Before we start the modeling, we create our future data set to use in the regression model as a predictor. We will use the automated ARIMA function to do that. When we analyze the `ARIMA` models for `ppi` and `account` variables, we could see that they have an annual seasonality.

```#Future dataset for the next 12 months
date <-
df_tidy %>%
mutate(date = yearmonth(date)) %>%
as_tsibble() %>%
new_data(12) %>%
as_tibble() %>%
mutate(date = as.Date(date))

ppi <-
df_tidy %>%
mutate(date = yearmonth(date)) %>%
as_tsibble() %>%
model(ARIMA(ppi)) %>%
forecast(h = 12) %>%
as_tibble() %>%
select(ppi = .mean)

account <-
df_tidy %>%
mutate(date = yearmonth(date)) %>%
as_tsibble() %>%
model(ARIMA(account)) %>%
forecast(h = 12) %>%
as_tibble() %>%
select(account = .mean)

df_future <-
date %>%
bind_cols(ppi) %>%
bind_cols(account)
```

Finally, we can plot the actual values from 2016 to 2023 and predictions for the next 12 months.
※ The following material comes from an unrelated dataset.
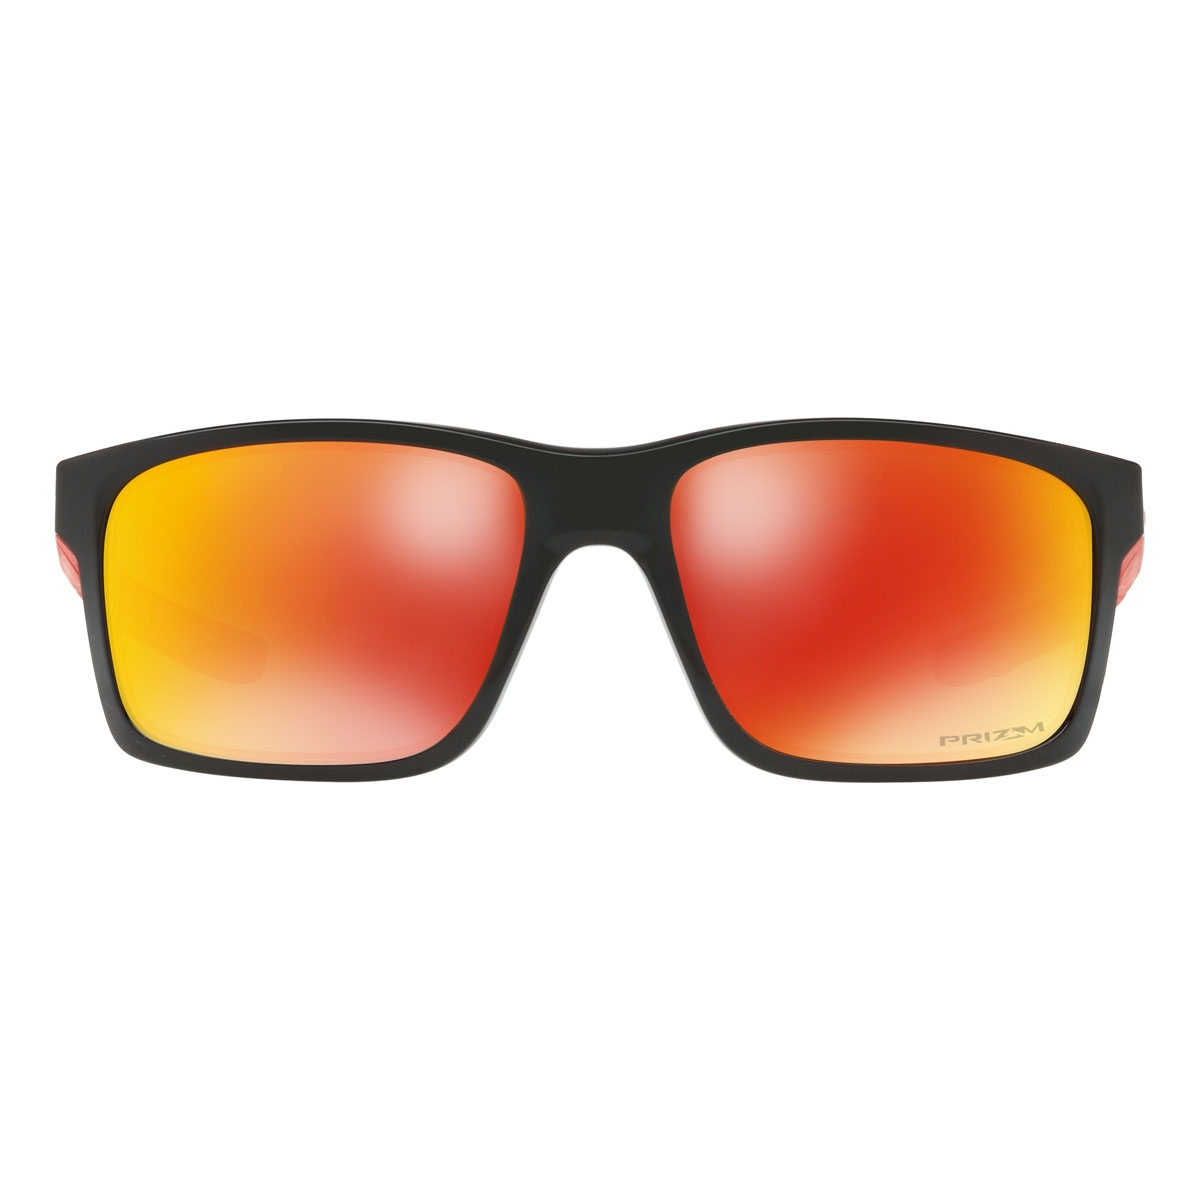 ce2e1fb39d ... Image of Oakley Mainlink Prizm Polarised Sunglasses - Polished Black  Frame Prizm Ruby Polarized Lens

```#Forecasting plot dataset
set.seed(1983)
df_plot <-
calibration_table %>%
modeltime_refit(df_tidy) %>%
modeltime_forecast(
new_data = df_future,
actual_data = df_tidy %>% filter(year(date) > 2015)
)

#The observation dataset
df_actual <-
df_plot %>%
filter(.key == 'actual')

#The prediction dataset
df_pred <-
df_plot %>%
filter(.key == 'prediction')

showtext_auto()

#Hoverinfo texts
text_actual <- glue::glue("{round(df_actual\$.value, 2)} TRY\n{df_actual\$.index}")
text_pred <- glue::glue("{round(df_pred\$.value, 2)} TRY\n{df_pred\$.index}")

df_plot %>%
ggplot(aes(.index, .value)) +
geom_area(
data = . %>% filter(.key == "actual"),
fill="#69b3a2",
alpha=0.5
) +
geom_line(
data = . %>% filter(.key == "actual"),
color ="#69b3a2"
) +
geom_point(aes(text = text_actual),
data = . %>% filter(.key == "actual"),
color ="#69b3a2"
) +
geom_area(
data = . %>% filter(.key == "prediction"),
fill="#cf2765",
alpha=0.5
) +
geom_line(
data = . %>% filter(.key == "prediction"),
color = "#cf2765"
) +
geom_point(aes(text = text_pred),
data = . %>% filter(.key == "prediction"),
color = "#cf2765"
) +
scale_y_continuous(limits = c(0,30))+
labs(
x = "",
y = "",
title = "The USD/TRY <span style = 'color:#69b3a2'>rates from 2016 to 2023</span>\nand <span style = 'color:#cf2765'>the predictions for the next 12 months</span>"
) +
theme_minimal()+
theme(
plot.title =
element_markdown(
hjust = 0.5,
face = "bold"
),
plot.background = element_rect(fill = "#f3f6f4", color = NA),
panel.background = element_rect(fill = "#f3f6f4", color = NA)
) -> p

#setting font family for ggplotly
font <- list(
family= "Nunito",
size=20
)

#setting font family for hover label
label <- list(
font = list(
family = "Nunito",
size = 16
)

)

#converts ggplot2 object to plotly for interactive chart
ggplotly(p, tooltip = "text") %>%
style(hoverlabel = label) %>%
layout(font = font) %>%
#Remove plotly buttons from the mode bar
config(displayModeBar = FALSE)
```

When we hover over the points, we can see that the April data is quite similar to the expectations of the Turkish exporters and, the majority of economists. So, in the near future, the parity might explode, especially after the election is to be held on May 14.